An Indie Next Selection for December 2021
A Ms. Magazine Recommended Read for Fall 2021
In March 2020, France declared a full lockdown to prevent the spread of the coronavirus. Shortly thereafter, poets and friends Marilyn Hacker and Karthika Naïr--living mere miles from each other but separated by circumstance, and spurred by this extraordinary time--began a correspondence in verse.
Renga, an ancient Japanese form of collaborative poetry, is comprised of alternating tanka beginning with the themes of tōki and tōza: this season, this session. Here, from the "plague spring," through a year in which seasons are marked by the waxing and waning of the virus, Hacker and Naïr's renga charts the "differents and sames" of a now-shared experience. Their poems witness a time of suspension in which some things, somehow, press on relentlessly, in which solidarity persists--even thrives--in the face of a strange new kind of isolation. Between "ten thousand, yes, minutes of Bones," there's cancer and chemotherapy and the aches of an aging body. There is grief for the loss of friends nearby and concern for loved ones in the United States, Lebanon, and India. And there is a deep sense of shared humanity, where we all are "mere atoms of water, / each captained by protons of hydrogen, hurtling earthward."
At turns poignant and playful, the seasons and sessions of
A Different Distance display the compassionate, collective wisdom of two women witnessing a singular moment in history.
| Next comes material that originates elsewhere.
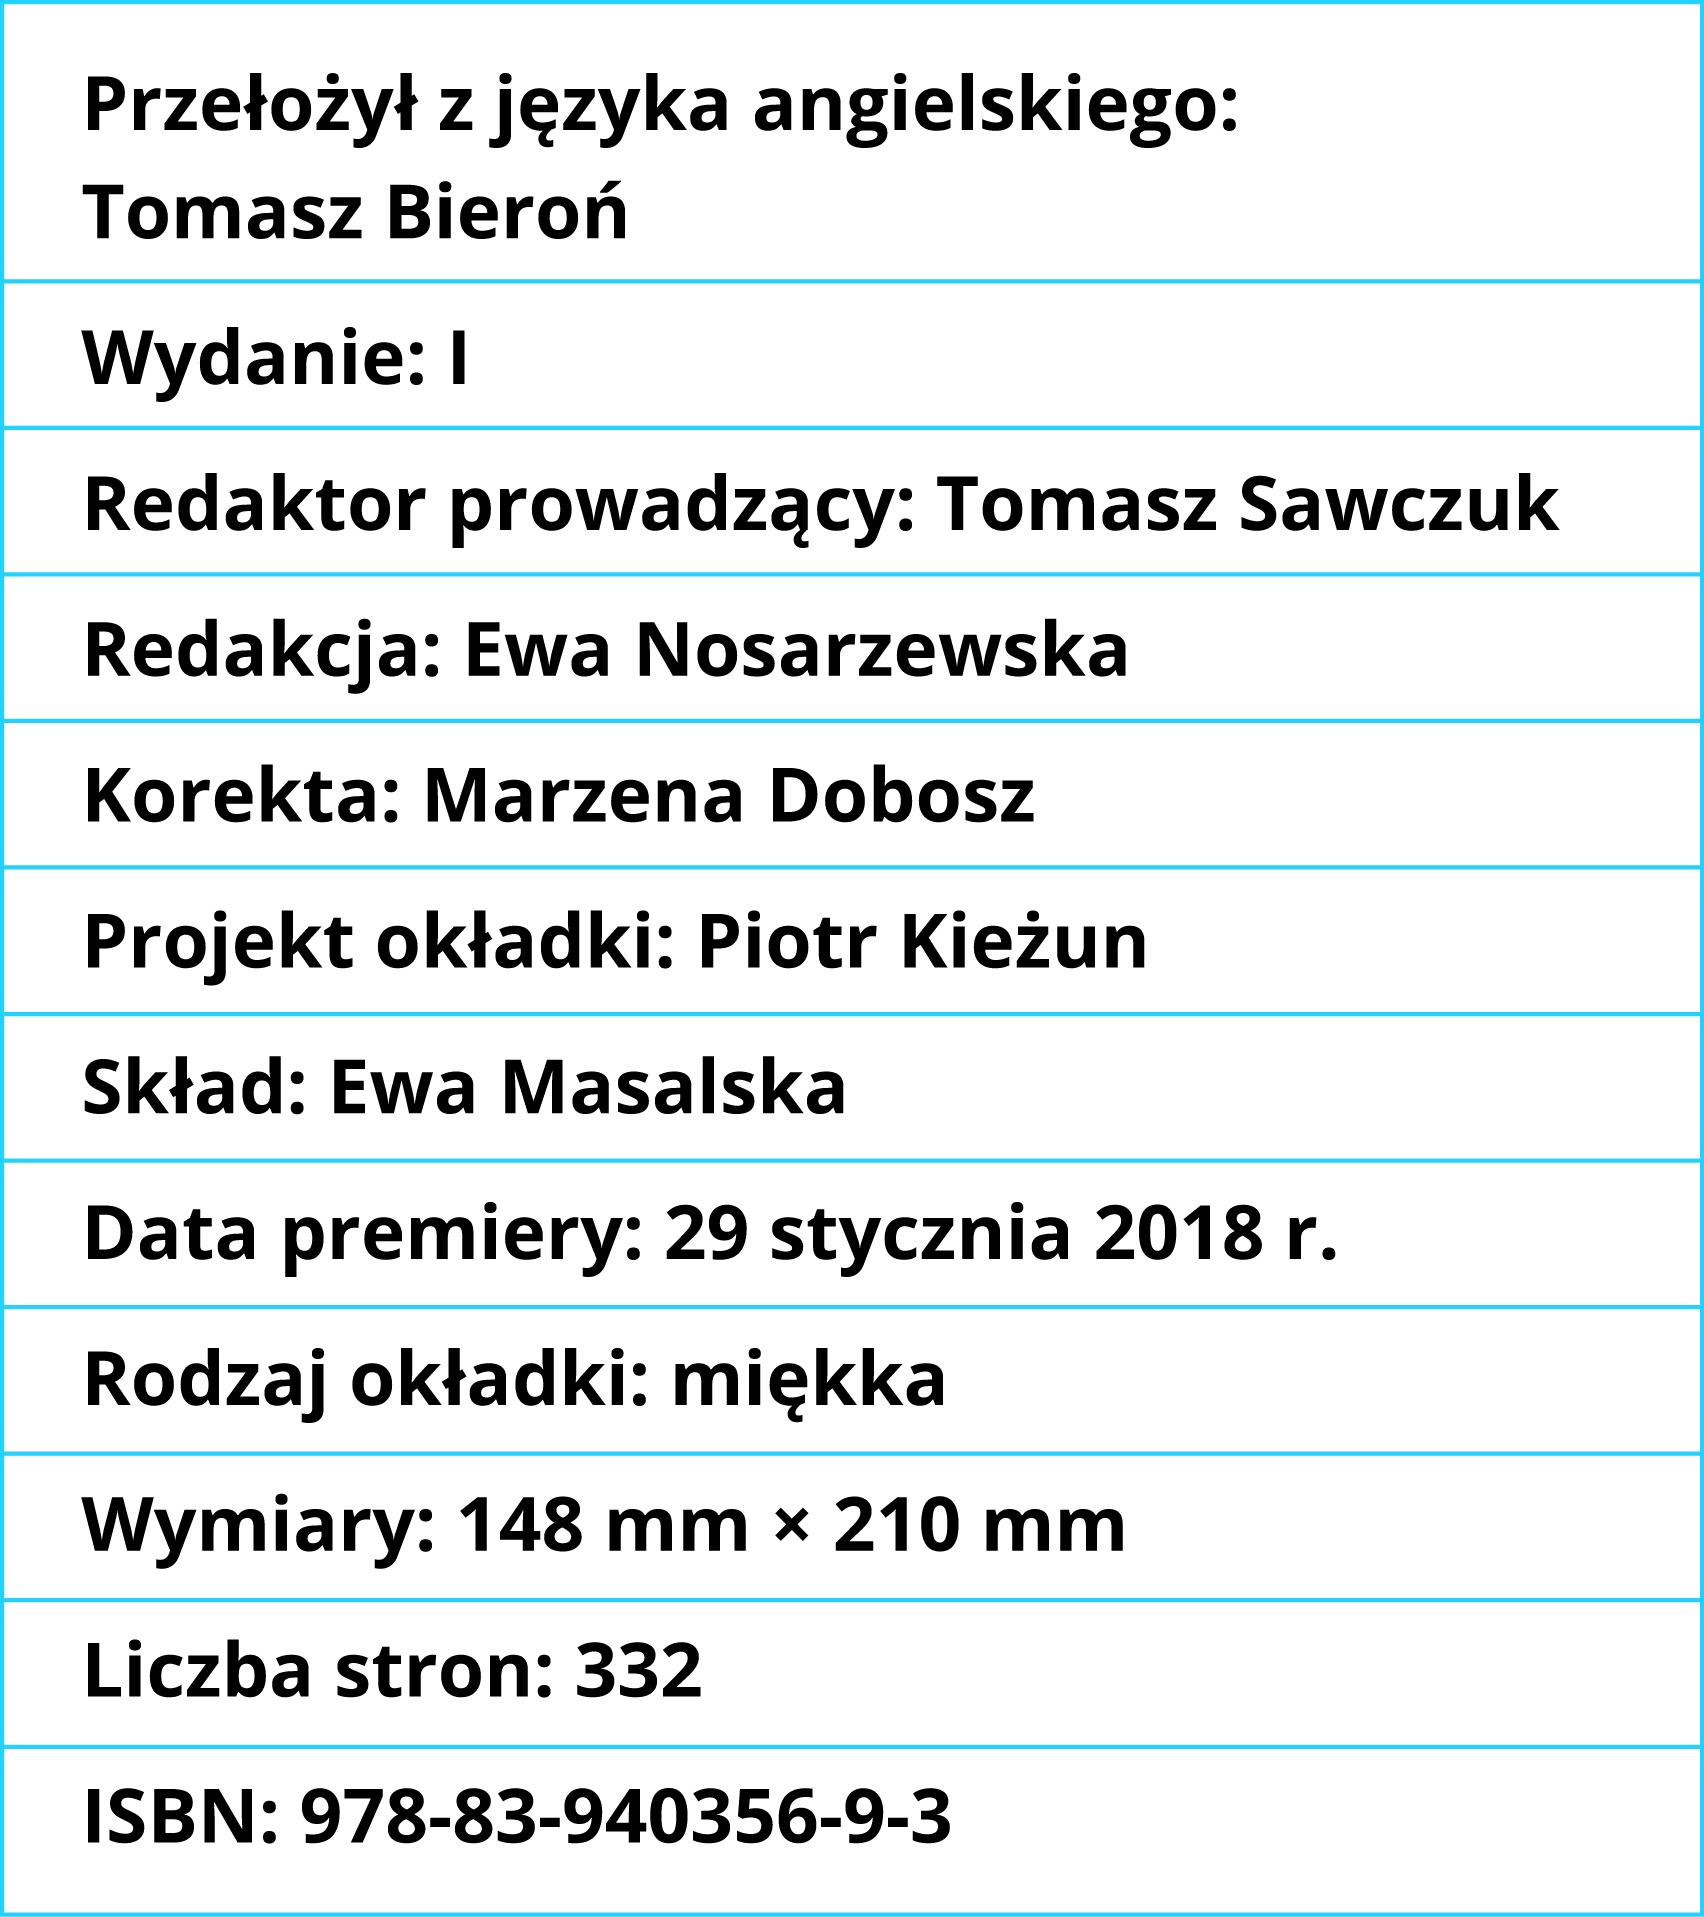 nota bibliograficzna_Zakaria

Author: Marilyn Hacker, Karthika Naïr
Publisher: Milkweed Editions
Published: 12/14/2021
Pages: 96
Binding Type: Paperback
Weight: 0.40lbs
Size: 8.35h x 5.43w x 0.39d
ISBN: 9781571315519
About the Author
Marilyn Hacker is the coauthor of A Different Distance. She is an editor, translator, and author of sixteen collections of poetry. Her first book, Presentation Piece, received the National Book Award for Poetry in 1974. Hacker is a winner of the Willis Barnstone Translation Prize, the PEN Award for Poetry in Translation, the National Poetry Series Robert Fagels Translation Prize, and the PEN/Voelcker Award for Poetry. She has been an editor for the Kenyon Review and Ploughshares, Chancellor of the Academy of American Poets, and professor of English at the City College of New York. She lives in Paris, France.
Karthika Naïr is the coauthor of
A Different Distance. She is a dance producer and curator, and author of four books, including, most recently,
Until the Lions: Echoes from the Mahabharata, a retelling of the ancient epic in multiple poetic forms. Naïr is also the principal scriptwriter for the dance production DESH, choreographed and performed by Akram Khan. Naïr's poetry has been published in
Granta,
Prairie Schooner,
Poetry Review (UK), the
Literary Review,
Poetry International,
Indian Literature,
The Bloodaxe Book of Contemporary Indian Poets, and the
Forward Book of Poetry 2017. She lives in Paris, France.